• PROBLEM TO SOLVE
Please output only the lines running from the one that contains "BLACK 100% Sheepskin" through the last line of the data below, exactly as they stand, with no pictures.

Top of MATERIAL FOR THE TASK

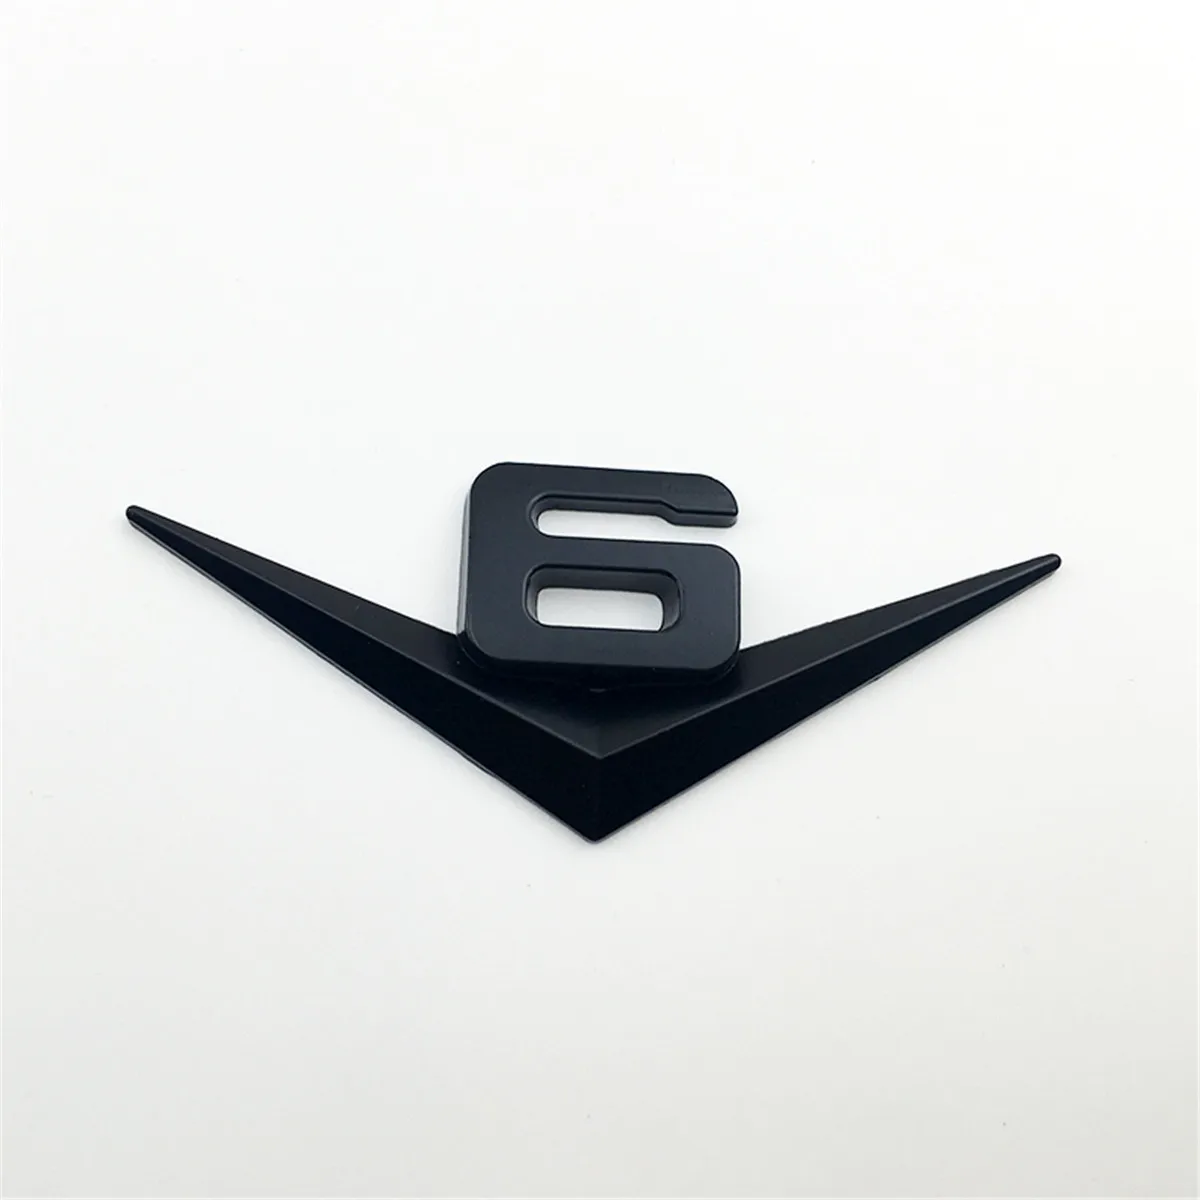 3D Chrome Vehicle Metal Letter Logo Emblem Badge Truck Decal Sticker Car Parts Accessories Universal Trim Black Silver
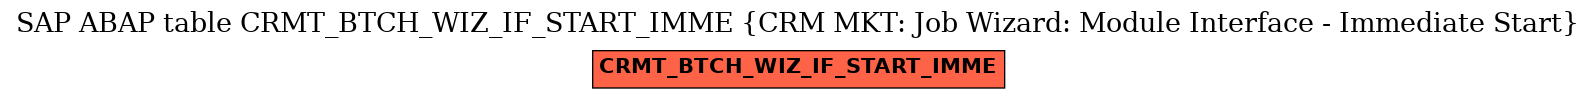 E-R Diagram for table CRMT_BTCH_WIZ_IF_START_IMME (CRM MKT: Job Wizard: Module Interface - Immediate Start)
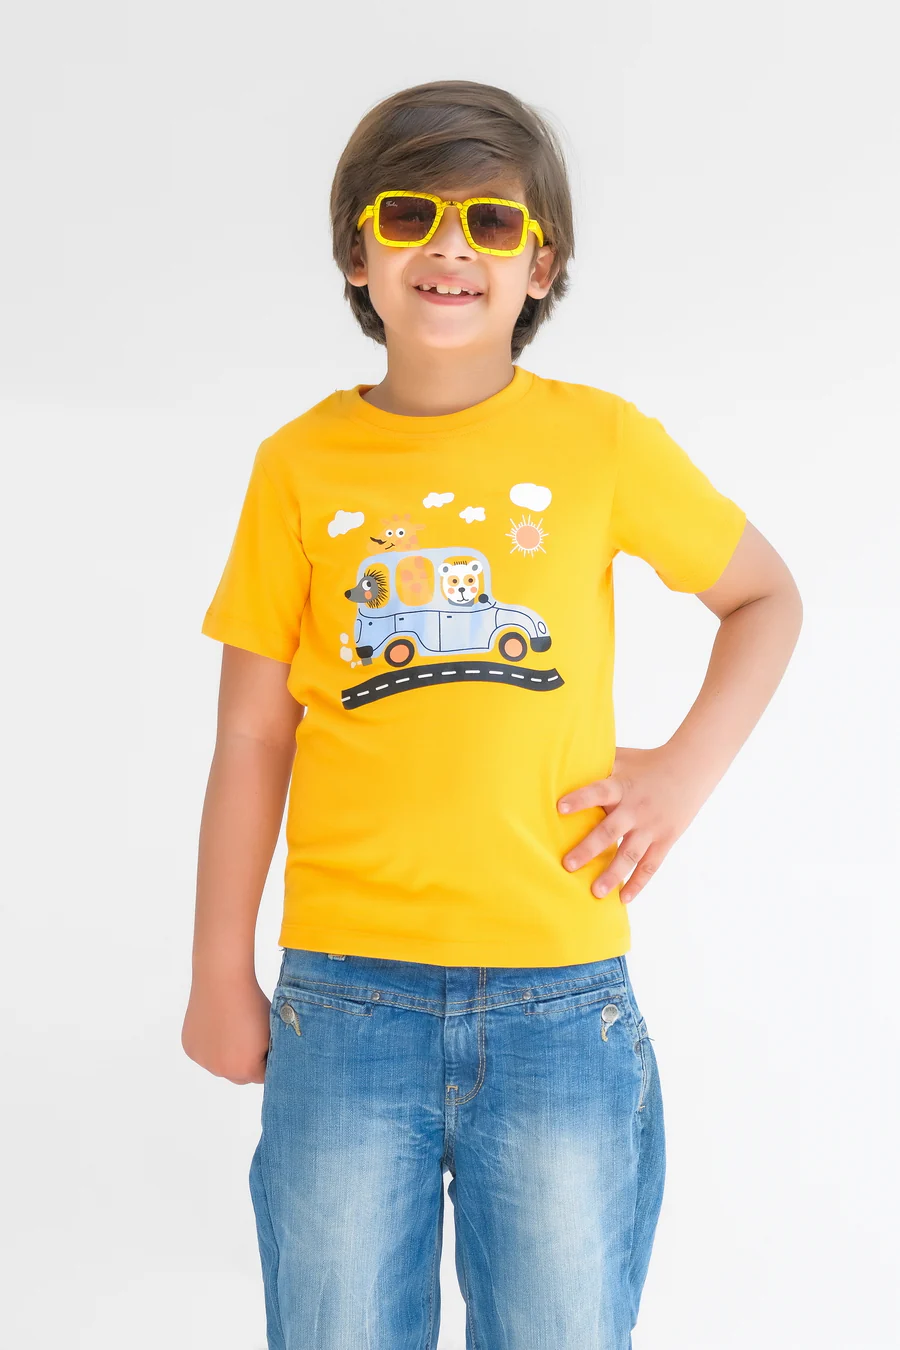 Animal Car - Half Sleeves T-Shirts For Kids - Yellow - SBT-344
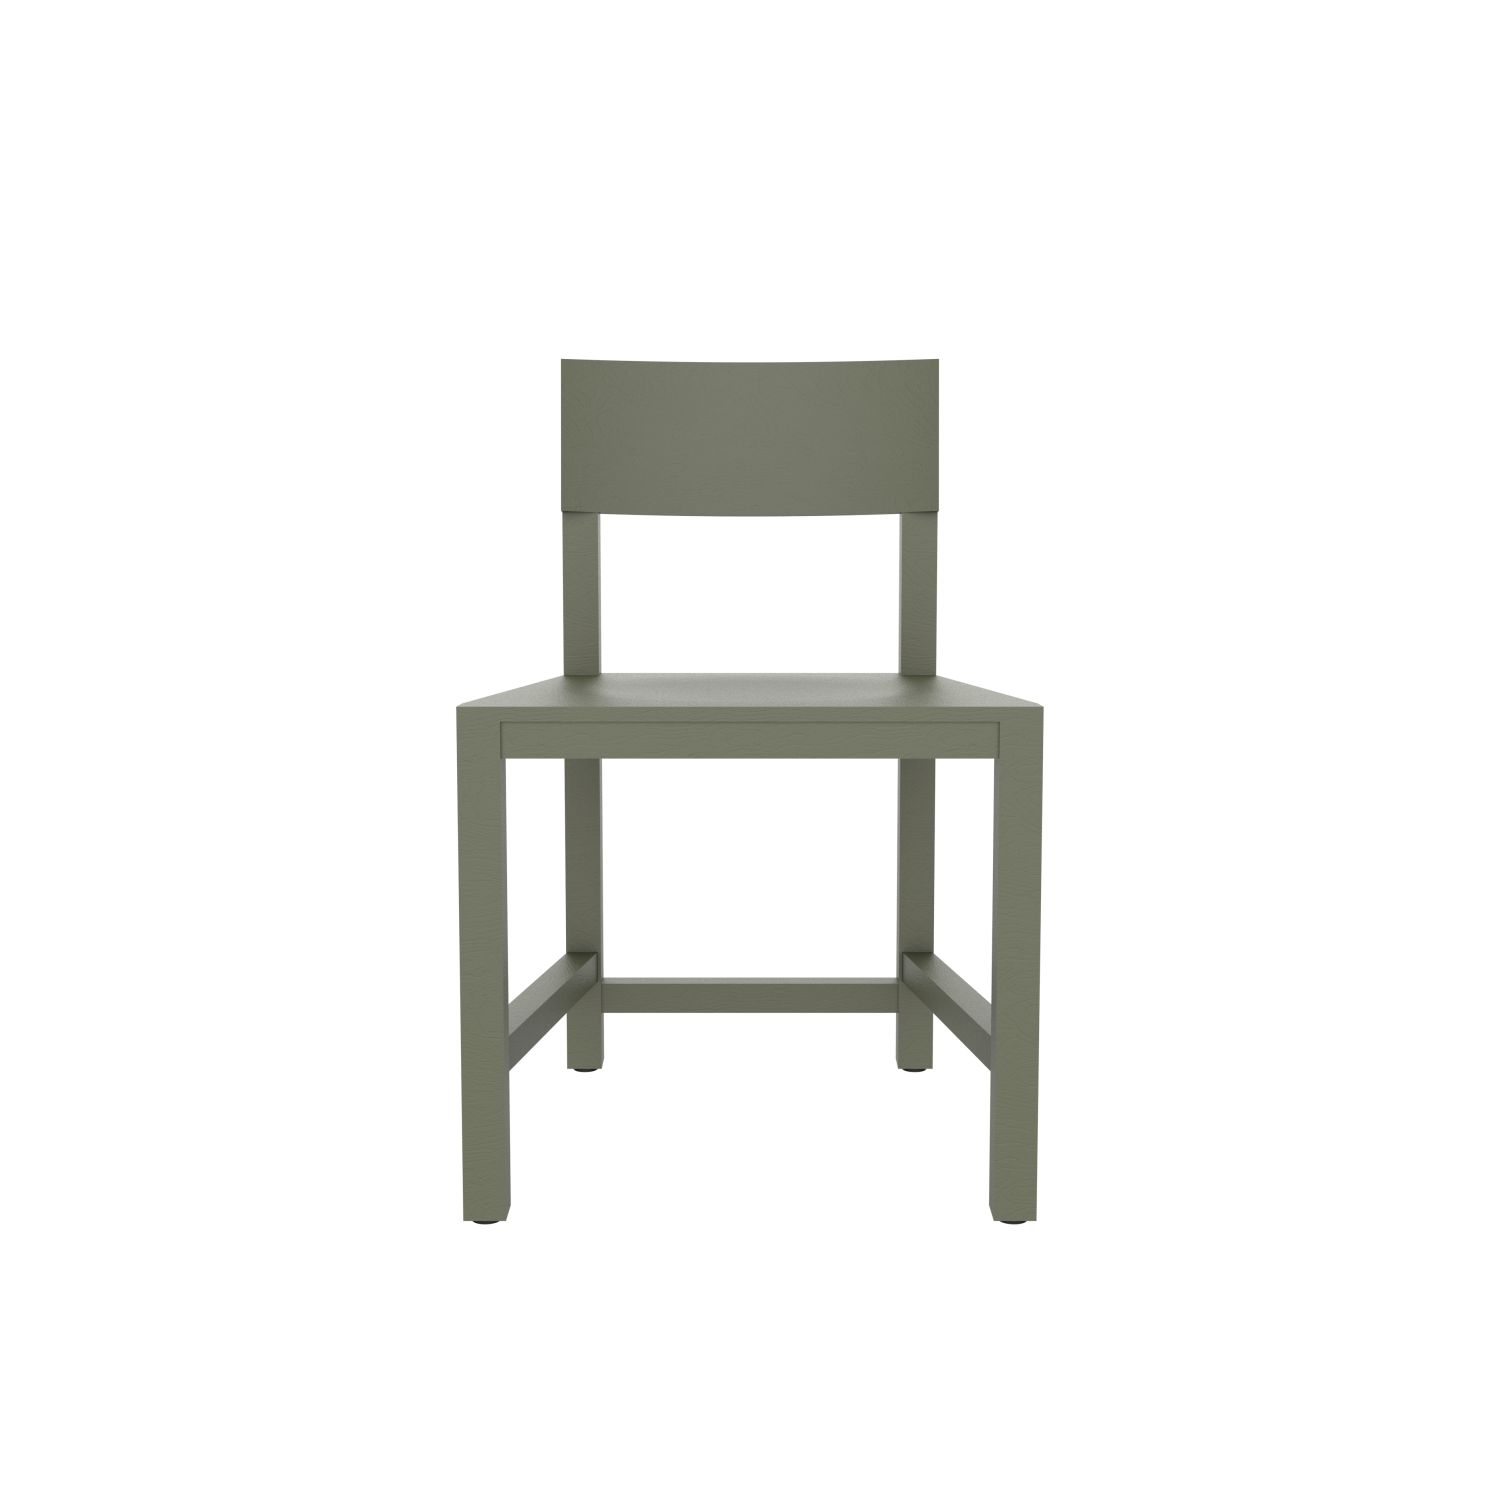 atelier van lieshout shaker chair olive green ral6003 hard leg ends
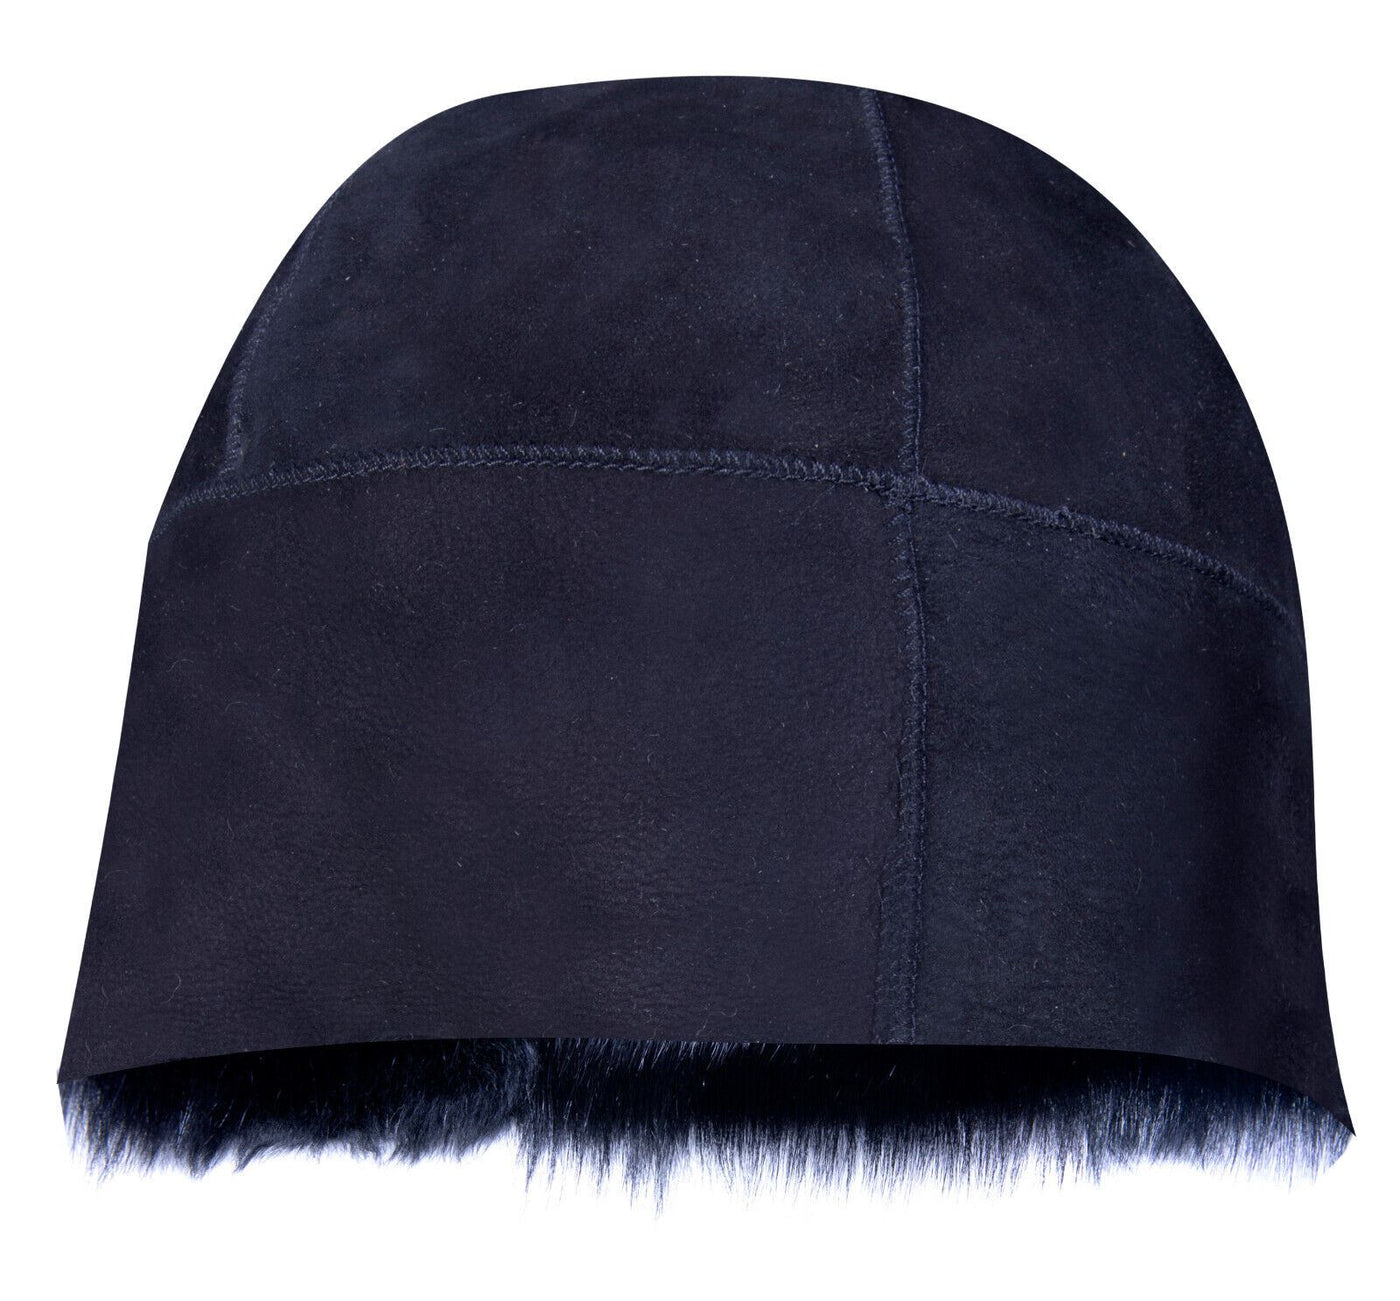 BLACK 100% Sheepskin Shearling Leather Toscana Fur Beanie Round Bucket Hat
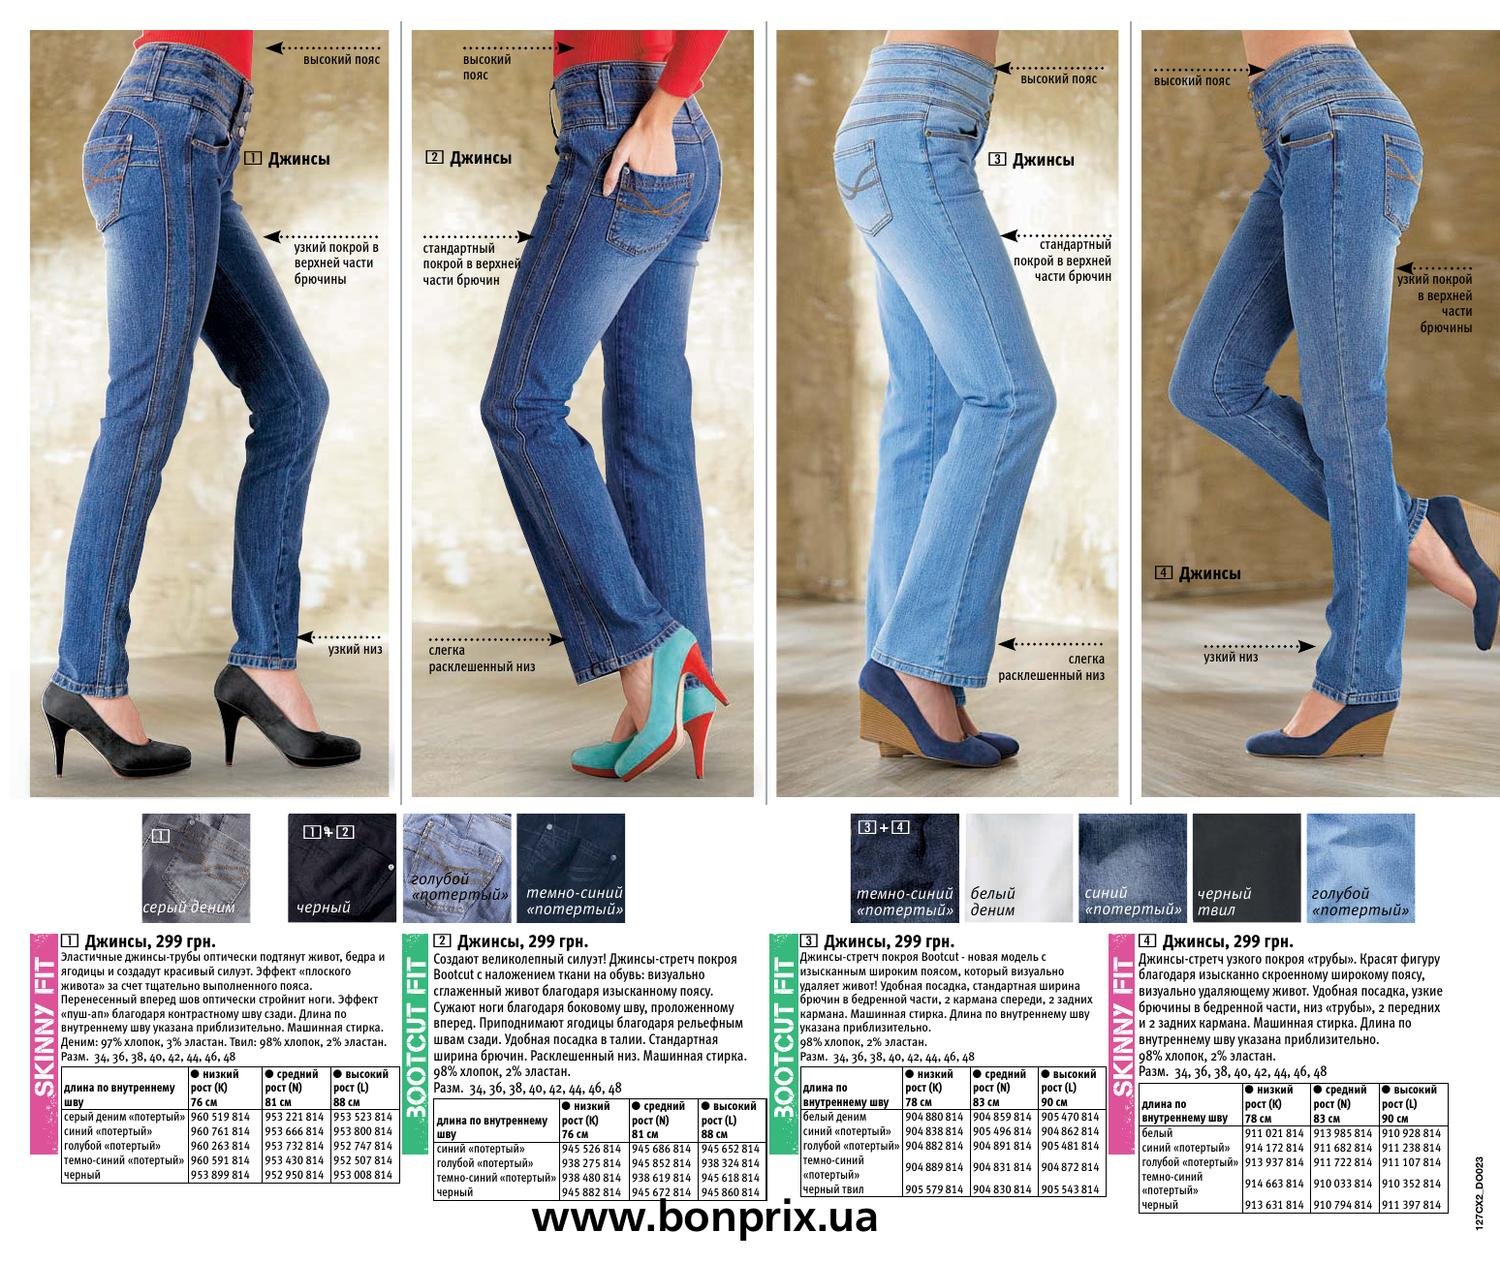 Разновидности джинсов

Bottom of MATERIAL FOR THE TASK

• TASK SOLUTION
 BLACK 100% Sheepskin Shearling Leather Toscana Fur Beanie Round Bucket Hat
 Разновидности джинсов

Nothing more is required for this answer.